[REQUIRED ACTION] All lines from the one including "SETE DI TERRA" to the bottom of the entries below should be repeated exactly, both ends kept.
^^^^
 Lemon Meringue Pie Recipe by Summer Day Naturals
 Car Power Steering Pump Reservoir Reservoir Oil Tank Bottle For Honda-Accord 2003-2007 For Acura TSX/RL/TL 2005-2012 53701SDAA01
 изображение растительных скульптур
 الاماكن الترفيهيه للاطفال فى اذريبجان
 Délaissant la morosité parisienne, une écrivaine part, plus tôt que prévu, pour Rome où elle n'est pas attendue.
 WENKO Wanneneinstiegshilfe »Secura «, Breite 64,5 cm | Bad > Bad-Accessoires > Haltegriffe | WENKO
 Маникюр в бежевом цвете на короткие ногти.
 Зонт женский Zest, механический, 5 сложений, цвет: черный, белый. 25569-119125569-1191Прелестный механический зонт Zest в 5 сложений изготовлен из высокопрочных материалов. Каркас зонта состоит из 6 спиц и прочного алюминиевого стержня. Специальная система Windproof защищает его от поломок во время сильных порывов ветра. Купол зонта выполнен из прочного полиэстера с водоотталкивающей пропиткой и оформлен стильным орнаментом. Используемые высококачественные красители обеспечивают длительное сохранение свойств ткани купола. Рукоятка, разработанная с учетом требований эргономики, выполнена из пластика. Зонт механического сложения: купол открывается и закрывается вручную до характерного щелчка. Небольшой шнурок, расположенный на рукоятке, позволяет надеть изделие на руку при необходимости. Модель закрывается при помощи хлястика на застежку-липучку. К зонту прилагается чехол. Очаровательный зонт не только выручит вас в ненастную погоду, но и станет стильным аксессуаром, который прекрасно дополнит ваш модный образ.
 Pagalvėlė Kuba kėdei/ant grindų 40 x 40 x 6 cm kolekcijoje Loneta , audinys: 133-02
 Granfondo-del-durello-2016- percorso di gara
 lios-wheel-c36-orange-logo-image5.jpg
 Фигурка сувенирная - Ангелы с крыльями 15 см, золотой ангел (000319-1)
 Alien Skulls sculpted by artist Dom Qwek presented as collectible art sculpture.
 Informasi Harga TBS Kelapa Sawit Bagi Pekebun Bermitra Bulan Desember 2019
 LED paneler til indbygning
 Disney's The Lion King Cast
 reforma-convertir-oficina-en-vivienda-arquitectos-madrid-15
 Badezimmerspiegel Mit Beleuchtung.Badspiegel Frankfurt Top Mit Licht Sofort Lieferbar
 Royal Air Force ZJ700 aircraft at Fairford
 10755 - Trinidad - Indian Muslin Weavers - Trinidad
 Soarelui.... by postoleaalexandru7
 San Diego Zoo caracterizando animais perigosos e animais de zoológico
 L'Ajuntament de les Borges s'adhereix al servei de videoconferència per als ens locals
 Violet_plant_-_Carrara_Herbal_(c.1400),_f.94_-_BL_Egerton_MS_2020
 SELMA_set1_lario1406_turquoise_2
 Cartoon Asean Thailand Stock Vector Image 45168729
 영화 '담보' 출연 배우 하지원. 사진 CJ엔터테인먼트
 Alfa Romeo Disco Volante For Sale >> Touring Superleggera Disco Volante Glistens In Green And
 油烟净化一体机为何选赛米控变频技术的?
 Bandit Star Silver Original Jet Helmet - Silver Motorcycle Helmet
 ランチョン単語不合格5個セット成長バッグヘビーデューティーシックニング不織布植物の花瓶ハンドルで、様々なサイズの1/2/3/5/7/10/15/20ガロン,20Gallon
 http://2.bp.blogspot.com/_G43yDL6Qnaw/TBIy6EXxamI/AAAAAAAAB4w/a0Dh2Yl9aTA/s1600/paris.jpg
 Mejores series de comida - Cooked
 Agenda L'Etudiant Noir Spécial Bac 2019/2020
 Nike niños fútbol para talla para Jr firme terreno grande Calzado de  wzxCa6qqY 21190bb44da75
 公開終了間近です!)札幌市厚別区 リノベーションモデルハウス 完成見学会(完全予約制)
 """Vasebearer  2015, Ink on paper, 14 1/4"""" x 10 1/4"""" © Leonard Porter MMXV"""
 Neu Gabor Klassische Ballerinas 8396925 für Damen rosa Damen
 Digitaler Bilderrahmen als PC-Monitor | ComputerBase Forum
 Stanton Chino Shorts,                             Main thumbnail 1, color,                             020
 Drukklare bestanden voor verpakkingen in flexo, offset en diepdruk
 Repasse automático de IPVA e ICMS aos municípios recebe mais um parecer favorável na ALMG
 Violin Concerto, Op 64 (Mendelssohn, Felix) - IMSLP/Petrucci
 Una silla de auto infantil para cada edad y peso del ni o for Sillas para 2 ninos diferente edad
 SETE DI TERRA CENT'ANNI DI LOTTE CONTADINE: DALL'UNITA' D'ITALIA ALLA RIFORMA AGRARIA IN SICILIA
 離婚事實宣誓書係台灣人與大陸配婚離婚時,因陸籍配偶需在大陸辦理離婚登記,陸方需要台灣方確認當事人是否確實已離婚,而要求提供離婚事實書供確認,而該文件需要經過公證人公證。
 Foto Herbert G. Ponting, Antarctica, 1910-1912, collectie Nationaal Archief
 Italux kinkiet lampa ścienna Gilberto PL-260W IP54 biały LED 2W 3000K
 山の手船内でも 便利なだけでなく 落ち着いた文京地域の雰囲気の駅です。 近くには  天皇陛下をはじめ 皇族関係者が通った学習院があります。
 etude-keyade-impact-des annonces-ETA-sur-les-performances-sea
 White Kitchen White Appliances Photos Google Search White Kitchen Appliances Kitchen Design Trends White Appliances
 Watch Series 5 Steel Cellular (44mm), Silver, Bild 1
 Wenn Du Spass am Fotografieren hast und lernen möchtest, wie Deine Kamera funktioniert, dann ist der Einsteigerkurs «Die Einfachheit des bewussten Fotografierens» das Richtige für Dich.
^^^^
[WRITTEN REPLY]
 SETE DI TERRA CENT'ANNI DI LOTTE CONTADINE: DALL'UNITA' D'ITALIA ALLA RIFORMA AGRARIA IN SICILIA
 離婚事實宣誓書係台灣人與大陸配婚離婚時,因陸籍配偶需在大陸辦理離婚登記,陸方需要台灣方確認當事人是否確實已離婚,而要求提供離婚事實書供確認,而該文件需要經過公證人公證。
 Foto Herbert G. Ponting, Antarctica, 1910-1912, collectie Nationaal Archief
 Italux kinkiet lampa ścienna Gilberto PL-260W IP54 biały LED 2W 3000K
 山の手船内でも 便利なだけでなく 落ち着いた文京地域の雰囲気の駅です。 近くには  天皇陛下をはじめ 皇族関係者が通った学習院があります。
 etude-keyade-impact-des annonces-ETA-sur-les-performances-sea
 White Kitchen White Appliances Photos Google Search White Kitchen Appliances Kitchen Design Trends White Appliances
 Watch Series 5 Steel Cellular (44mm), Silver, Bild 1
 Wenn Du Spass am Fotografieren hast und lernen möchtest, wie Deine Kamera funktioniert, dann ist der Einsteigerkurs «Die Einfachheit des bewussten Fotografierens» das Richtige für Dich.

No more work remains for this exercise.